Rb. Den Haag, 09-05-2018, nr. 6690567 RP VERZ 18-50143
ECLI:NL:RBDHA:2018:5546
- Instantie
Rechtbank Den Haag
- Datum
09-05-2018
- Zaaknummer
6690567 RP VERZ 18-50143
- Vakgebied(en)
Arbeidsrecht (V)
- Brondocumenten en formele relaties
ECLI:NL:RBDHA:2018:5546, Uitspraak, Rechtbank Den Haag, 09‑05‑2018; (Beschikking)
Hoger beroep: ECLI:NL:GHDHA:2019:3291
- Vindplaatsen
AR-Updates.nl 2018-0667
VAAN-AR-Updates.nl 2018-0667
Uitspraak 09‑05‑2018
Inhoudsindicatie
De werkgever beroept zich bij wijze van verweer tegen een vordering tot betaling van de transitievergoeding, na een opzegging van de arbeidsovereenkomst op economische omstandigheden, op de overbruggingsregeling transitievergoeding van artikel 7:673d BW. Eerder had het UWV verklaard dat de werkgever niet aan alle voorwaarden daarvoor voldeed. Het beroep is langer dan 3 maanden na het einde van de arbeidsovereenkomst gedaan. In aanmerking genomen de expliciete verwijzing naar artikel 7:673d BW in artikel 7:686a lid 4 sub b BW, gaat de kantonrechter ervan uit dat deze vervaltermijn ook van toepassing is in een situatie zoals hier aan de orde is, waarbij de werkgever na het verstrijken van de vervaltermijn zich verweert met een beroep op de uitzondering van de overbruggingsregeling.
Partij(en)
Rechtbank DEN HAAG
Zittingsplaats ’s-Gravenhage
Zaaknummer: 6690567 RP VERZ 18-50143
Uitspraakdatum: 9 mei 2018 (bij vervroeging)
Beschikking ex artikel 7:673 BW van de kantonrechter in de zaak van:
[verzoekster] , wonende te [woonplaats] ,
verzoekende partij,
hierna te noemen: de werknemer,gemachtigde: mr.
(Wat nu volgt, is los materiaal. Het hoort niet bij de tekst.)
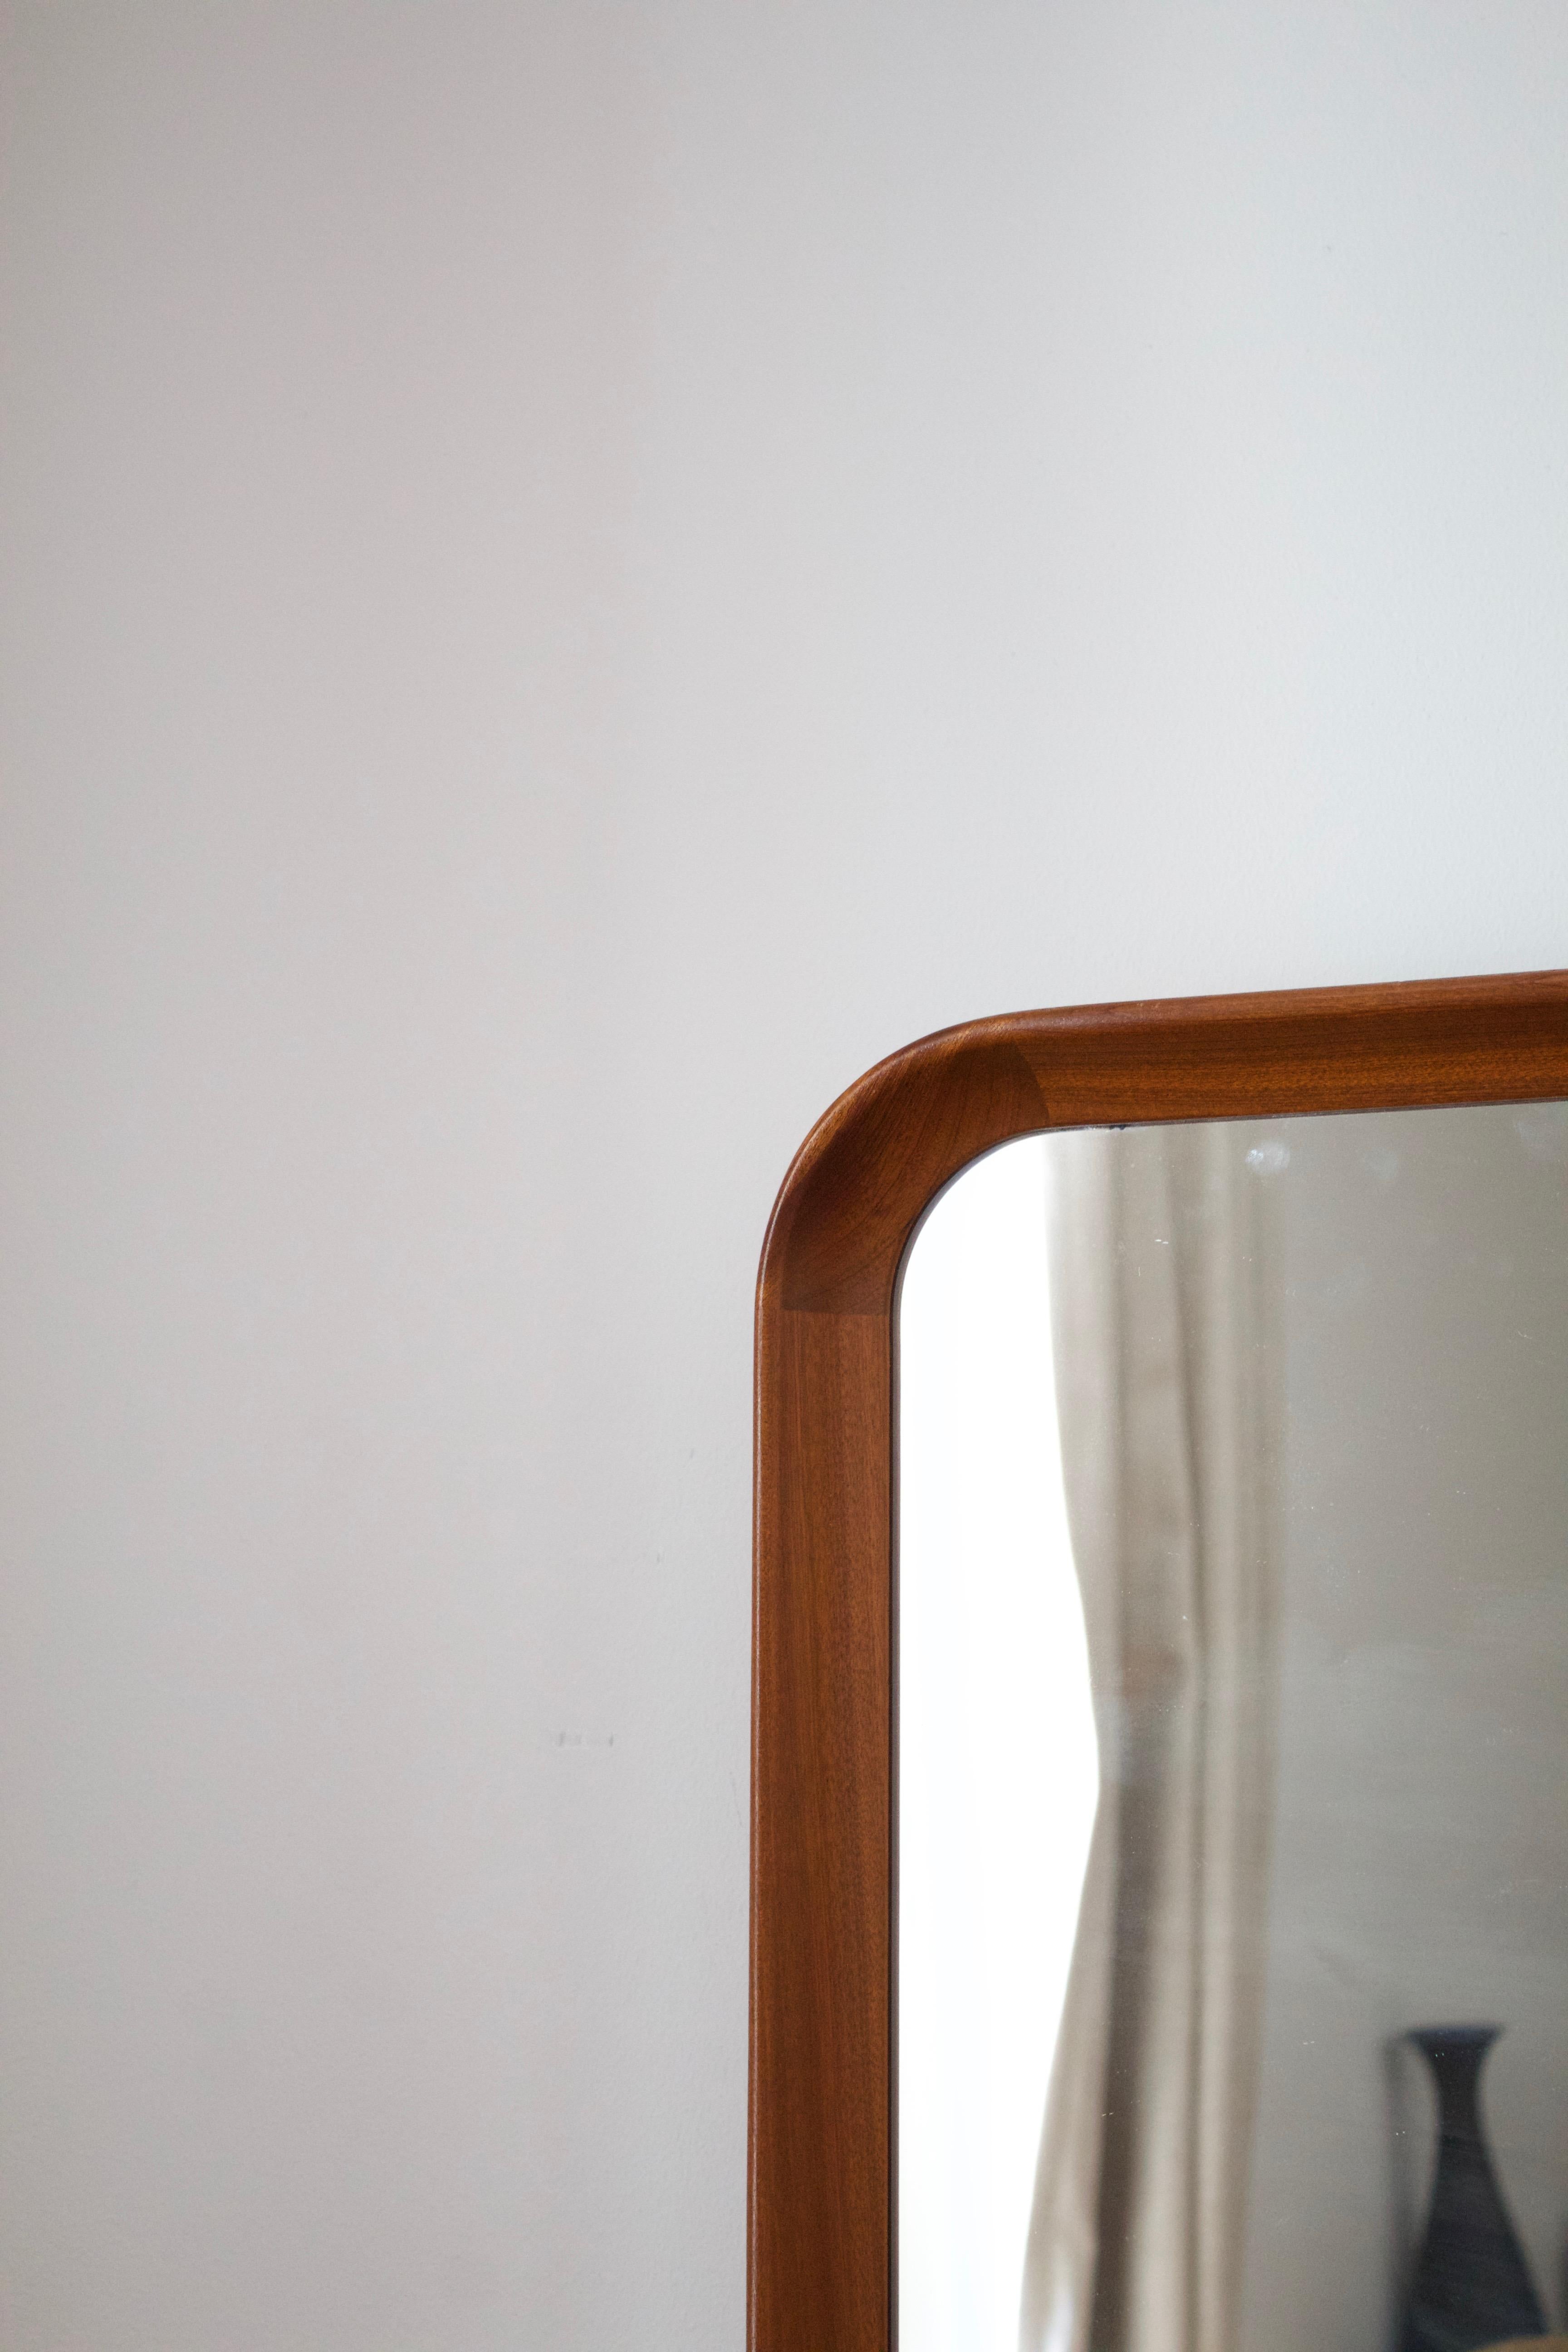 A wall mirror with its original mirror glass, solid teak frame. Produced by Oy Stockmann Ab, Keravan puusepäntehdas, Finland, 1950s. Stamped.

Rigid and of high production quality, typical of goods commissioned by Stockmann, the high-end

N.M. Fakiri,
tegen
de besloten vennootschap HOFKWARTIER HOTELEXPLOITATIE B.V. tevens handelende onder de naam Paleis Hotel,
gevestigd te Den Haag,verwerende partij,
hierna te noemen: de werkgever,gemachtigde: mr. G.C. Blom.
1. Het procesverloop
1.1
Het verloop van de procedure blijkt uit de volgende processtukken:
- -
het op 28 februari 2018 ter griffie binnengekomen verzoekschrift, met producties;
- -
het op 28 maart 2018 ter griffie binnengekomen verweerschrift, met producties;
- -
de door partijen voorafgaand aan de mondelinge behandeling toegezonden producties;
- -
het faxbericht van 19 april 2018 van de zijde van de werkgever;
- -
het faxbericht van 19 april 2018 van de zijde van de werknemer.
1.2
Op 11 april 2018 heeft de mondelinge behandeling van het verzoek plaatsgevonden. Verschenen zijn: de werknemer in persoon, bijgestaan door haar gemachtigde, en mevrouw [betrokkene] ( [functie] ) namens de werkgever, bijgestaan door haar gemachtigde. Beide partijen hebben hun standpunten nader toegelicht aan de hand van pleitaantekeningen, die zijn overgelegd en aan het procesdossier zijn toegevoegd. Van het overig verhandelde ter zitting heeft de griffier aantekeningen gemaakt, die zich in het procesdossier bevinden.
1.3
De zaak is aangehouden om partijen in de gelegenheid te stellen een schikking te bereiken. Nadat partijen de kantonrechter hebben bericht dat een schikking niet tot stand is gekomen, is de datum voor het wijzen van deze beschikking nader bepaald op vandaag.
2. De feiten
2.1
De werknemer is op [2000] bij de werkgever in dienst getreden in de functie van [functie] . Het laatstverdiende salaris van de werknemer bedraagt € 1.558,60 bruto per maand, te vermeerderen met 8% vakantiegeld.
2.2
Op 3 juli 2017 heeft de werkgever het UWV gevraagd om de arbeidsovereenkomst met de werknemer te mogen opzeggen op grond van bedrijfseconomische redenen. Op 18 augustus 2017 heeft het UWV de werkgever toestemming verleend om de arbeidsovereenkomst met de werknemer op te zeggen met in achtneming van de daarvoor geldende termijn.
2.3
Op 8 juni heeft de werkgever het UWV gevraagd om een verklaring waarin staat of zij voldoet aan de voorwaarden voor de overbruggingsregeling transitievergoeding conform artikel 7:673d BW en artikel 24 van de Ontslagregeling. Bij brief van 18 augustus 2017 heeft het UWV de werkgever – onder meer en voor zover hier van belang – bericht: “ Op basis van de door u aangeleverde cijfers over het boekjaar 2016 kan niet worden vastgesteld dat uw berekening van de hoogte van de waarde van de vlottende activa en de vlottende passiva correct is. Wij kunnen dan ook niet concluderen dat u aan deze voorwaarde voldoet.” Het UWV heeft voorts verklaard dat de werkgever niet aan alle voorwaarden voldoet voor de overbruggingsregeling transitievergoeding.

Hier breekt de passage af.